### Aim of the task
Make an exact copy of the listing, without images.

#### Given data ####

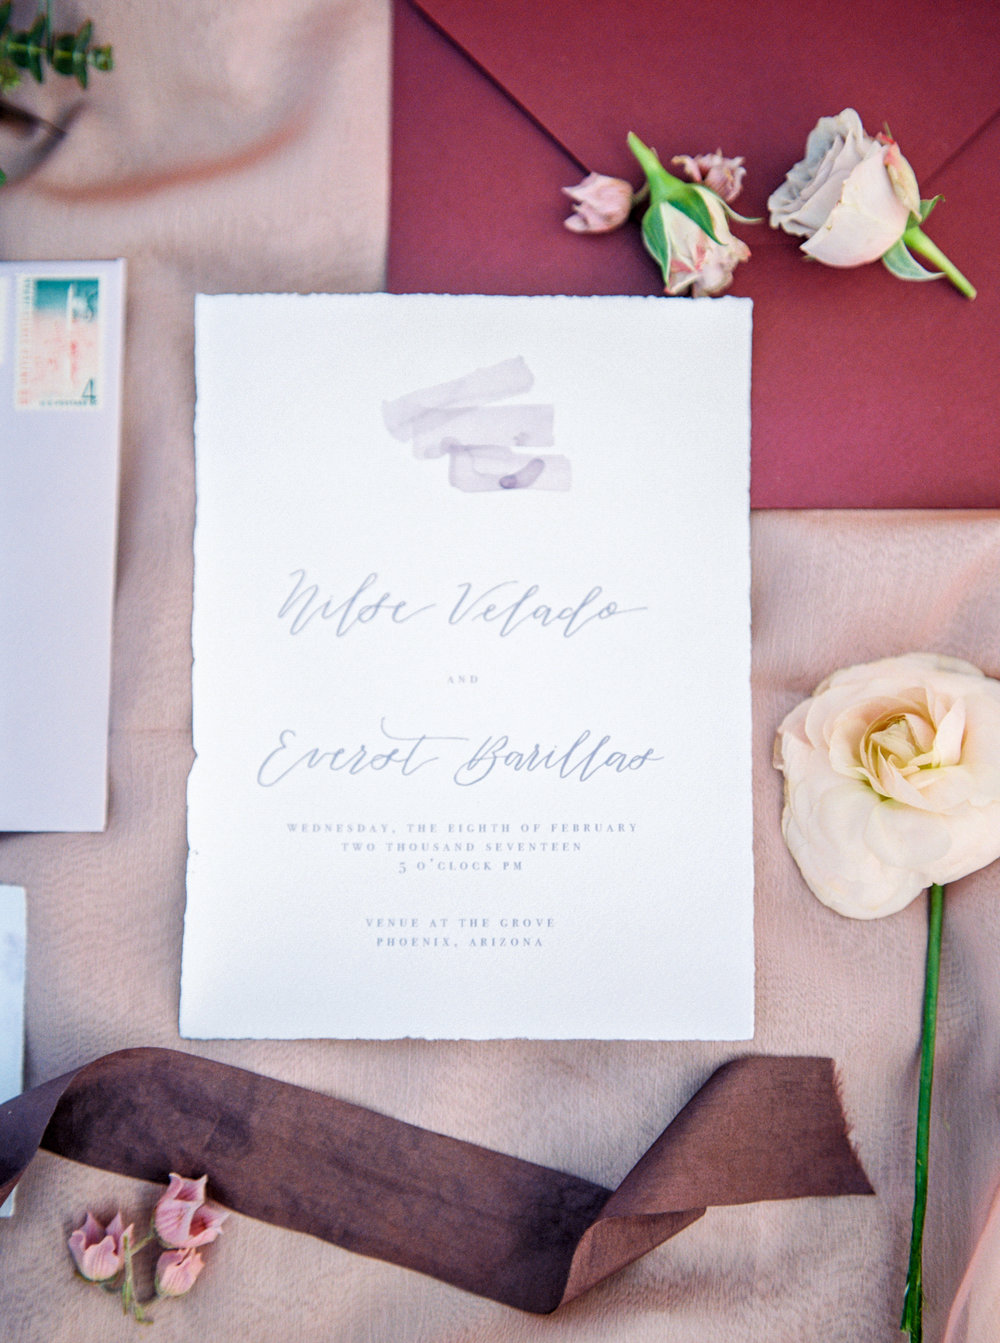 THE WHITE WREN - ELEGANT GARDEN WEDDING2017
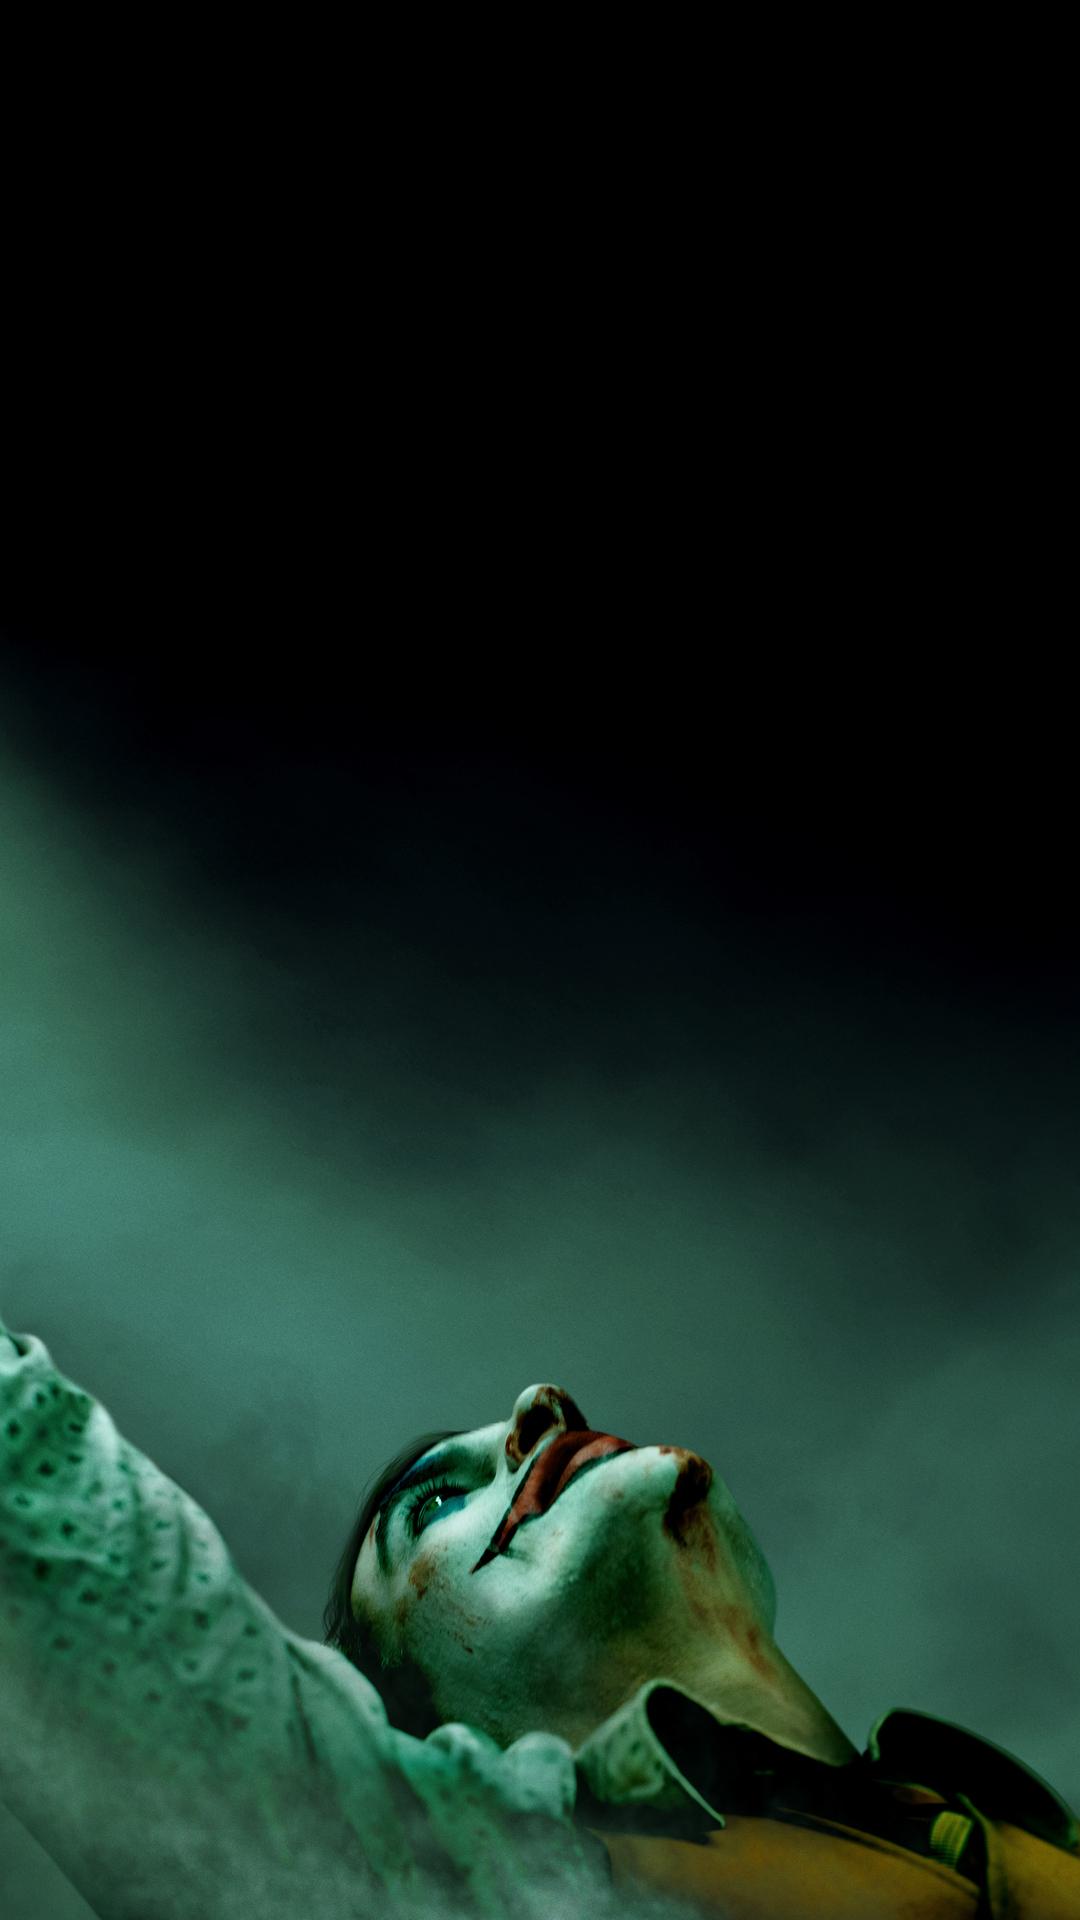 joker-movie-4k-i2.jpg
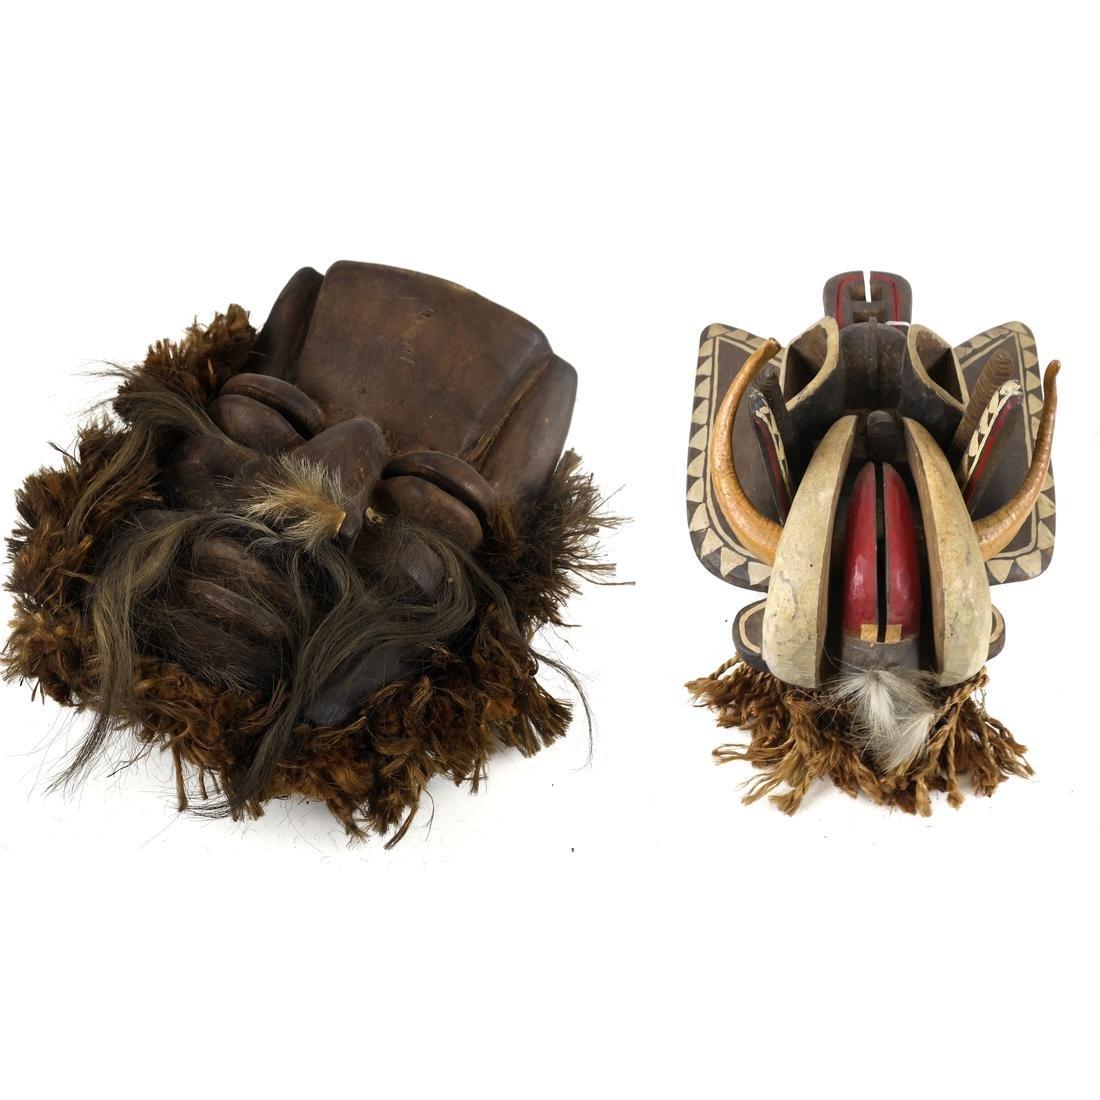 Two Ethnic Masks

####

### Solution for this exercise
 THE WHITE WREN - ELEGANT GARDEN WEDDING2017
 joker-movie-4k-i2.jpg
 Two Ethnic Masks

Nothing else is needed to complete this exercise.